Evaldo expõe problemas e Calvo promete melhorias

Vereador vistoriou três PSs de Santos; secretário entregou plano ao prefeito.

Comentar
Compartilhar
17 JAN 201309h47

Uma paciente toma soro, em pé, segurando a própria bolsa do produto. Um consultório com poça de sangue no chão. Uma bancada para higienização das mãos dos médicos suja, sem condições. Pacientes sendo tratados em filas de maca, sem ter ao menos uma cortina para o mínimo de privacidade. E uma senhora, com uma perna amputada, com muletas, esperando, em pé, o atendimento.

As cenas típicas de atendimento em um campo de guerra foram apresentadas ontem na Câmara de Santos e referem-se aos três prontos-socorros da Cidade (Central, Zona Leste/Macuco e Zona Noroeste).

Quem despiu o cenário de abandono do setor de urgência/emergência foi o presidente da Comissão Permanente de Saúde e Higiene, o médico e vereador Evaldo Stanislau (PT). Ao seu lado,  o médico Marcos Calvo, que há 16 dias assumiu a pasta da Saúde.

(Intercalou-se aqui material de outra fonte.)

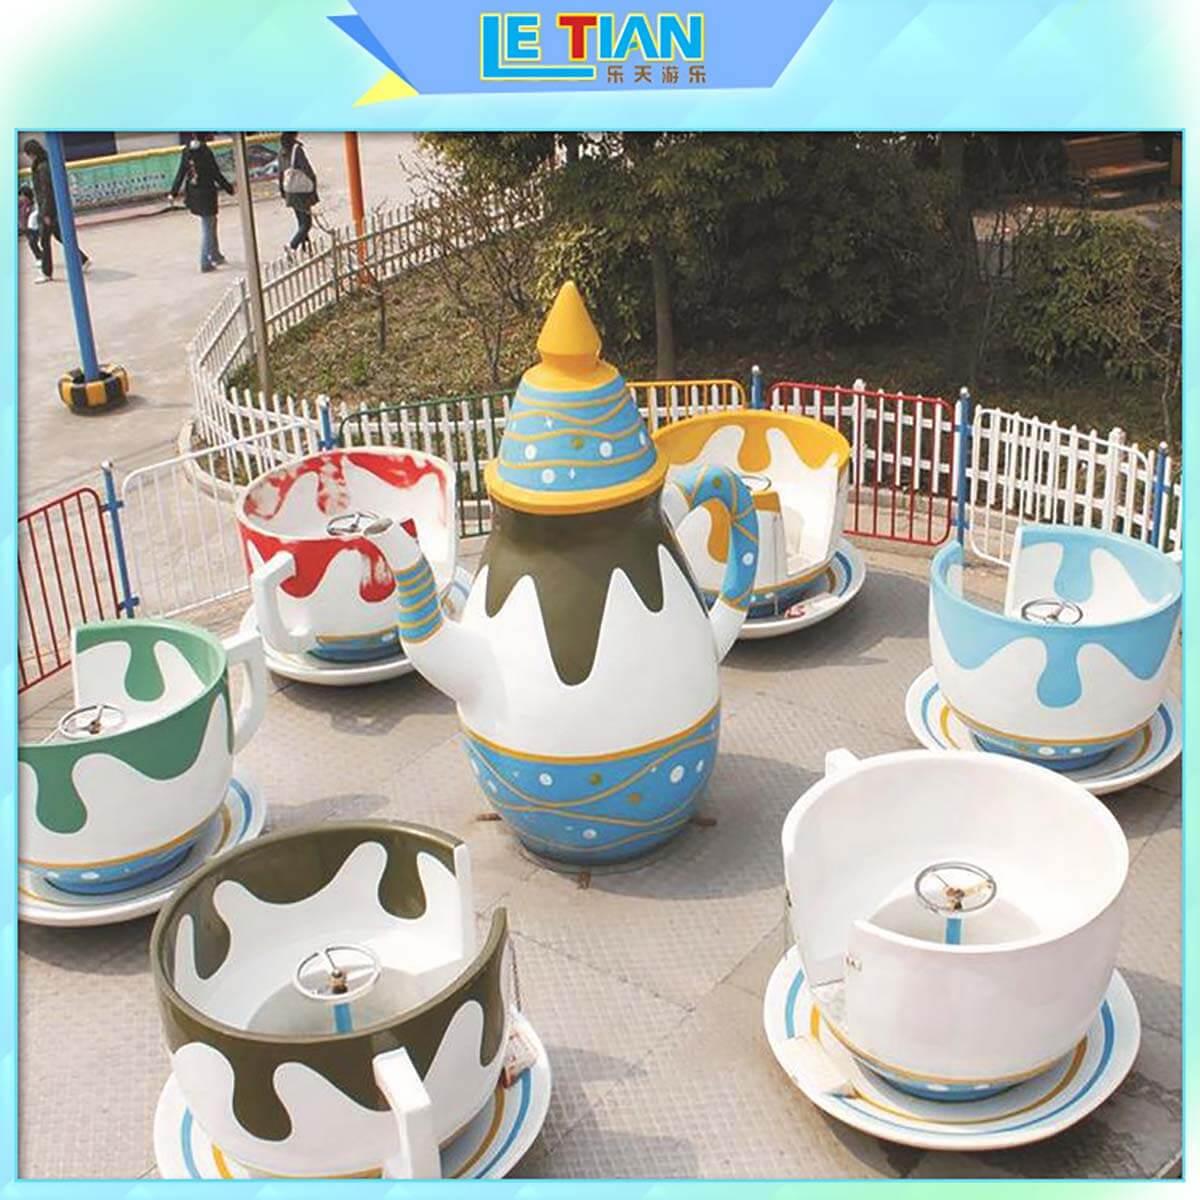 LETIAN electric types of amusement park rides facility entertainment-2

Estado crítico  - Atendimento inadequado, mobiliário rasgado e medicamentos armazenados irregularmente foram constatados. (Foto: Matheus Tagé/ DL)

A sessão extraordinária da Comissão de Saúde discutiu o relatório feito por Stanilslau, durante três visitas não agendadas aos PSs, nas quais esteve acompanhada da arquiteta Pacita Franco. Entre os presentes ao auditório, foi difícil encontrar quem não se sentiu medo de ser atendido em uma dessas unidades.

As irregularidades constatadas pelo vereador aparecem em três níveis: estrutural (mobiliário velho, quebrado e inadequado), funcional (ausência de uma rotina adequada de atendimento e procedimentos) e de pessoal (falta de médicos).

PS Central

No PS Central, a cena dramática registrada pelo parlamentar foi a de uma senhora, portadora de mal de Parkinson, em uma maca sem colchão, sendo conduzida por um profissional não qualificado: seu próprio filho. Além dela, outros pacientes não tinham conforto enquanto aguardavam atendimento.
Um dos dois elevadores da unidade está quebrado e há. salas sem ventilação adequada.

Quanto aos profissionais do PS Central, Stanislau identificou excessos de plantões extras, profissionais sem identificação adequada e falta de um serviço social por 24 horas.

PS Zona Leste

O vereador constatou corredores lotados de paciente aguardando atendimento, pias sem sabonetes e mobiliário rasgado. Stanislau ainda identificou um pote de soro sem data de validade, lixo sem tampa, vacinas mal conservadas e foi informado que à noite “há presença de ratos”.

PS Zona Noroeste

Um ponto positivo: foi o único PS a apresentar informe sobre a classificação de risco para critério de atendimento. Mas não faltaram irregularidades, como lotes de remédios psicotrópicos armazenados em um armário sem chave, entre outras.

Há 16 dias no cargo de secretário de Saúde de Santos, Marcos Calvo não tinha obrigação de comparecer à audiência.

Marcos Calvo: ‘trabalho é para quatro anos’

Calvo ouviu os vereadores e representantes de entidades civis e destacou o fato de, nesse momento, estar montando sua equipe. À tarde, ele entregaria ao prefeito Paulo Alexandre Barbosa (PSDB) as ações a serem adotadas nos 100 dias de governo da sua pasta. Não há data de quando o chefe do Executivo vai apresentar esse plano.

“Estamos fazendo um diagnóstico detalhado de situações como essas, não só nas unidades de emergência”, informou o secretário, destacando que o passo seguinte é o de planejamento das ações. “Este ano, teremos a Conferência Municipal de Saúde, que vai legitimar o projeto de Saúde que está sendo construído em Santos”.

Marcos Calvo disse que desde que assumiu a pasta ficou claro para ele algumas prioridades, como a dengue.